Using the listing below, please print exactly the lines from the one with "Boyd Terra Liberi Score-watermark-40.jpg" through the one with "Bahamas to take". Leave out every picture.

--- RECORDS TO PROCESS Enclosed Below ---

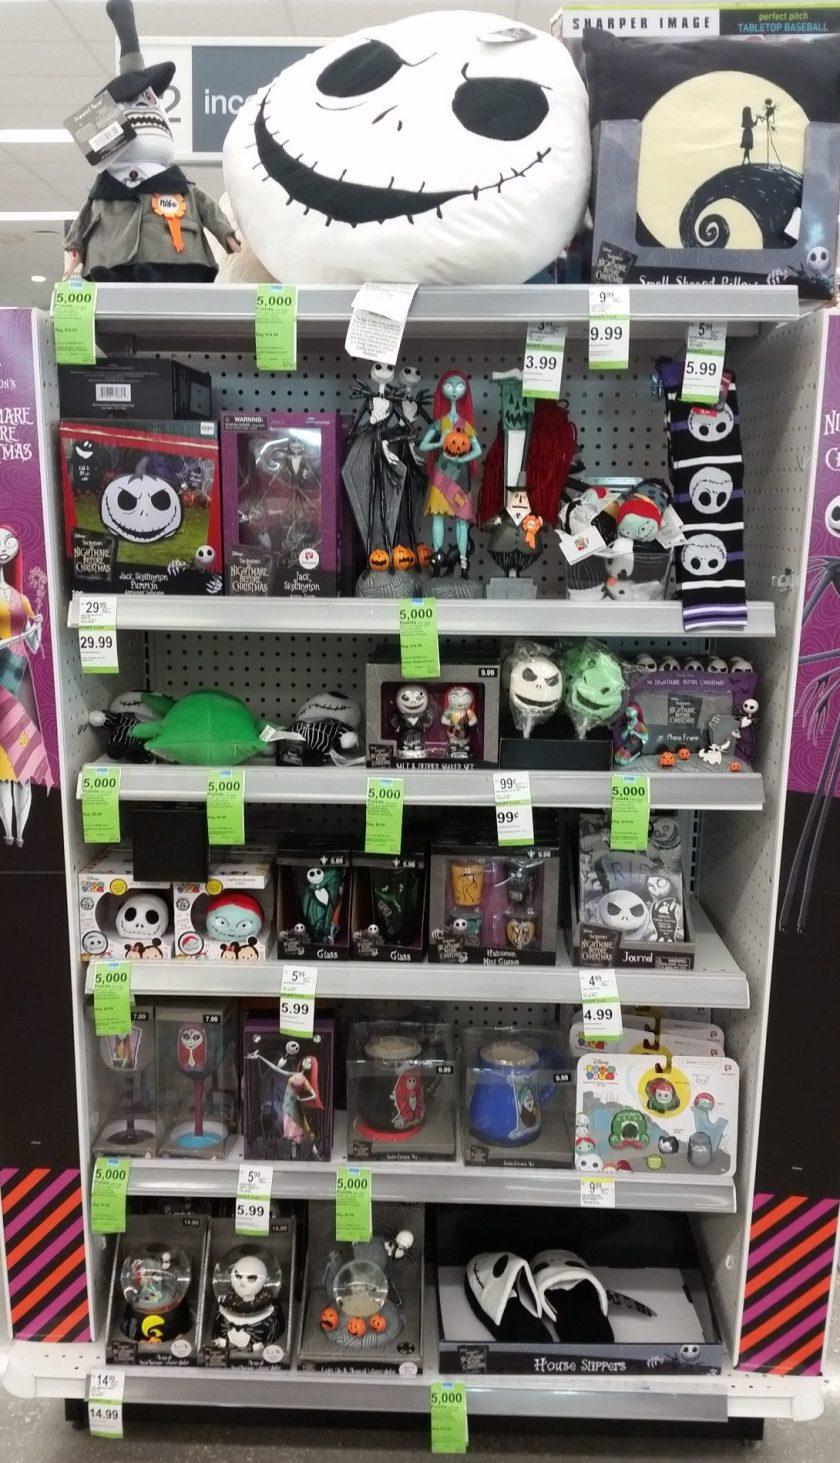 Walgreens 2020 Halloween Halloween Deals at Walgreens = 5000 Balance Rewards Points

--- End of Enclosed RECORDS TO PROCESS ---
--- RECORDS TO PROCESS Enclosed Below ---

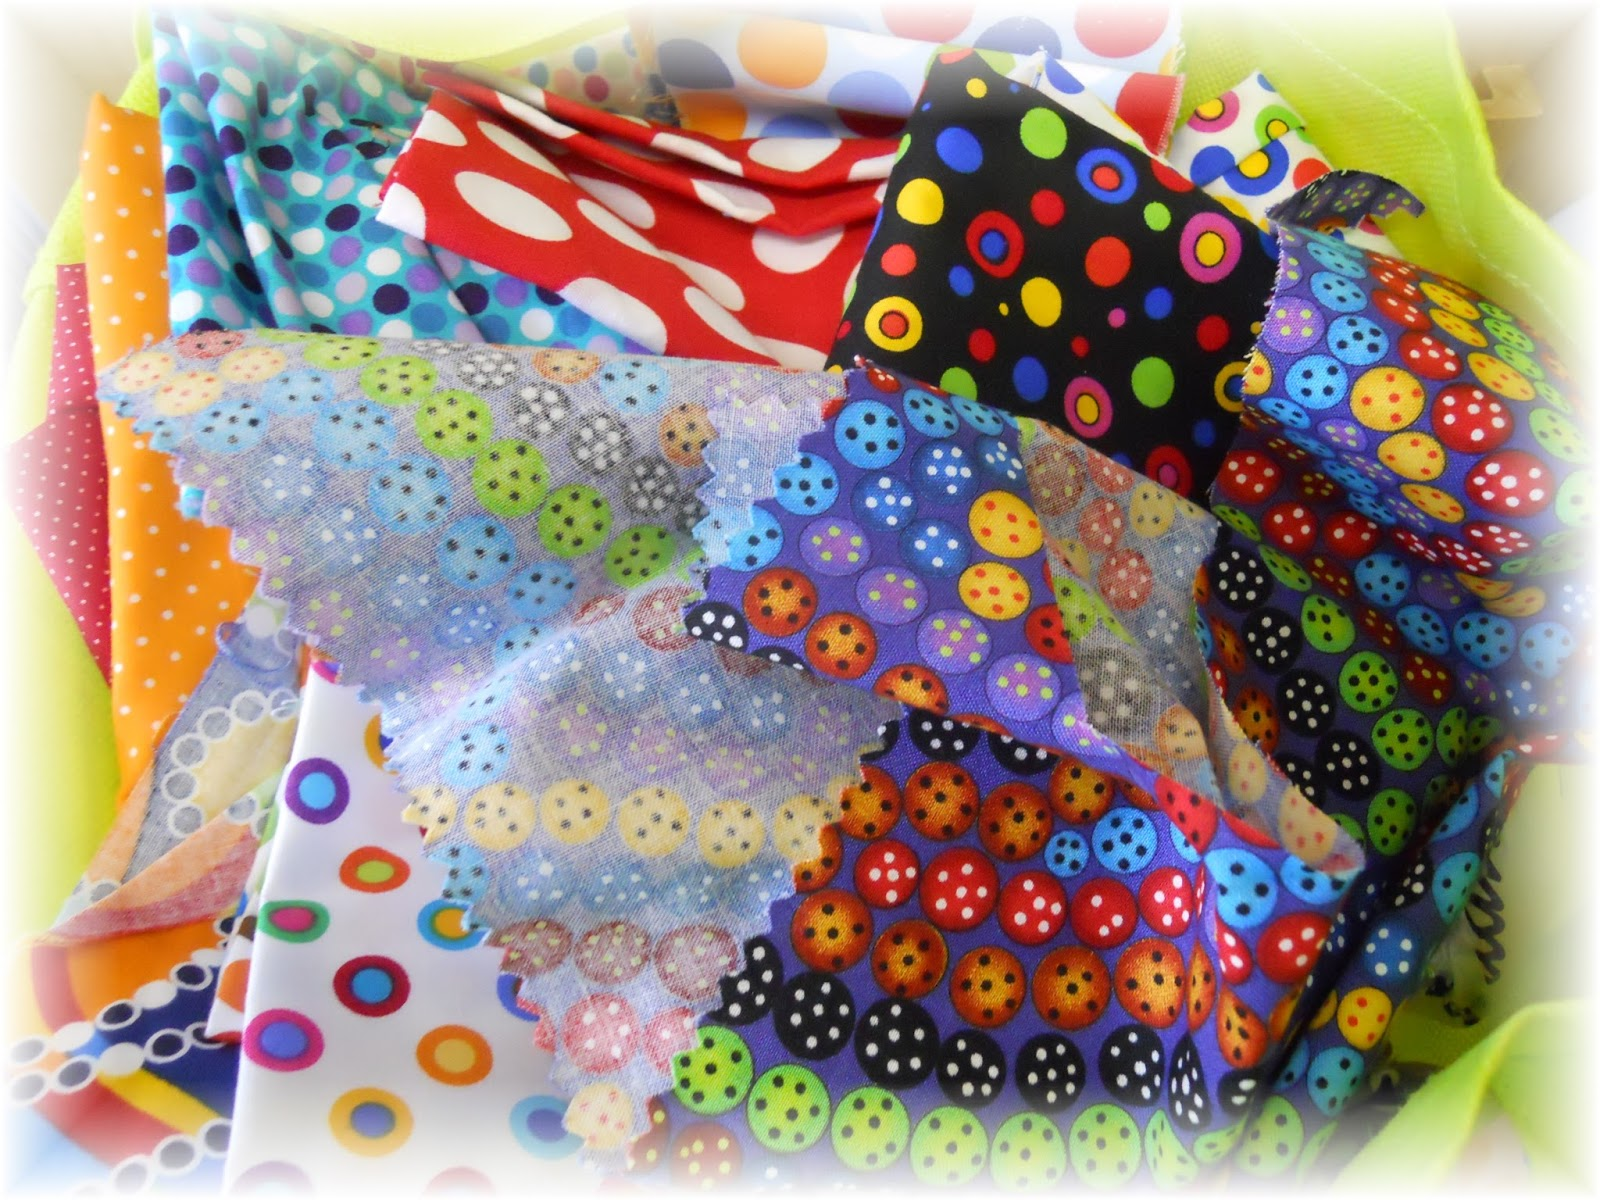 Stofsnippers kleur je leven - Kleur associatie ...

--- End of Enclosed RECORDS TO PROCESS ---
--- RECORDS TO PROCESS Enclosed Below ---

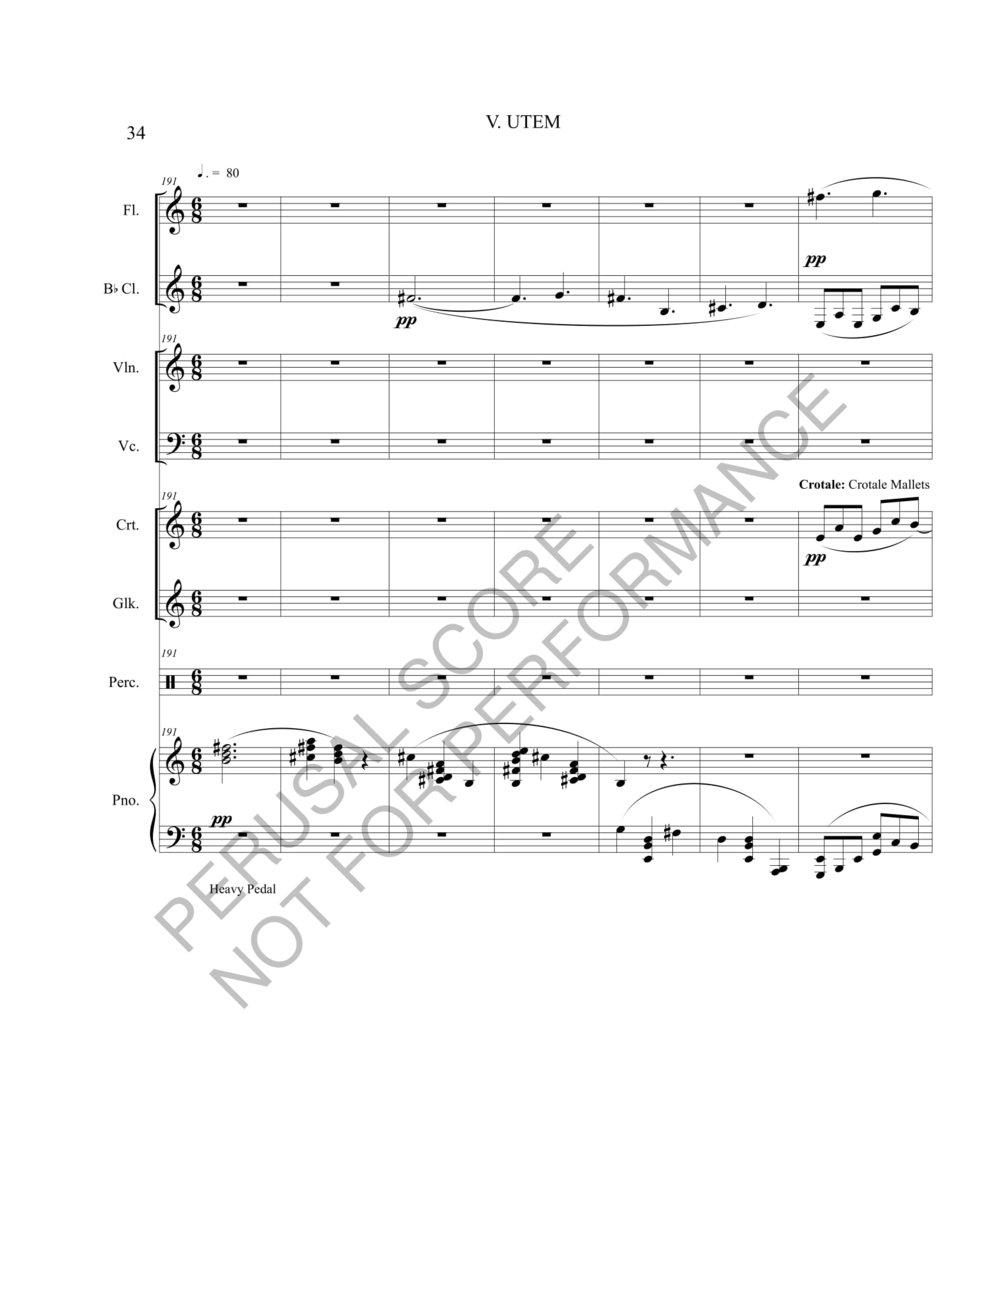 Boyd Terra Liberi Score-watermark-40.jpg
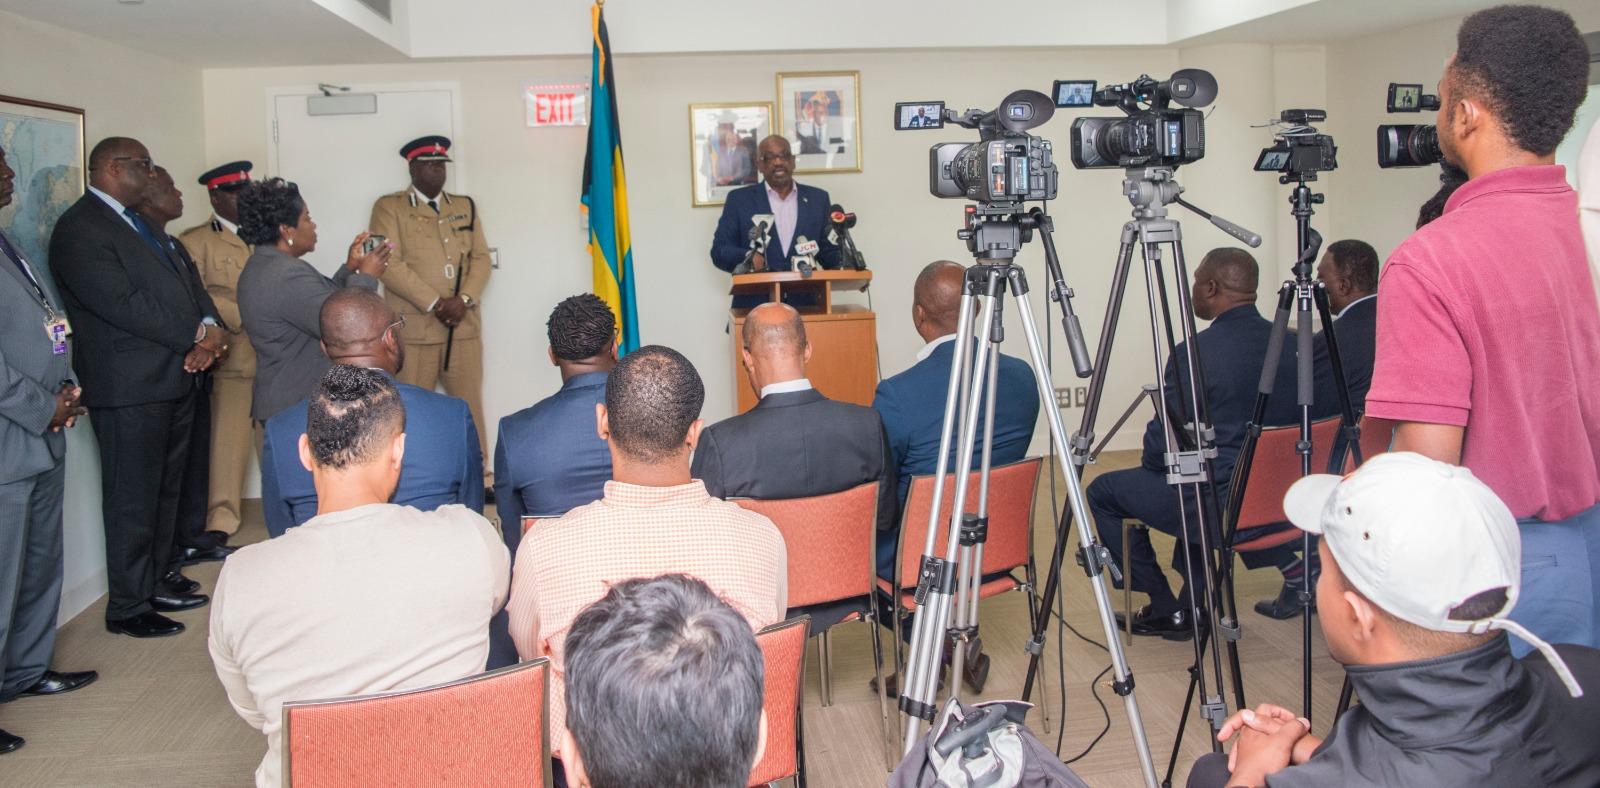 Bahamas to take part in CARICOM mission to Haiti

--- End of Enclosed RECORDS TO PROCESS ---

ANSWER SECTION
 Boyd Terra Liberi Score-watermark-40.jpg
 Bahamas to take part in CARICOM mission to Haiti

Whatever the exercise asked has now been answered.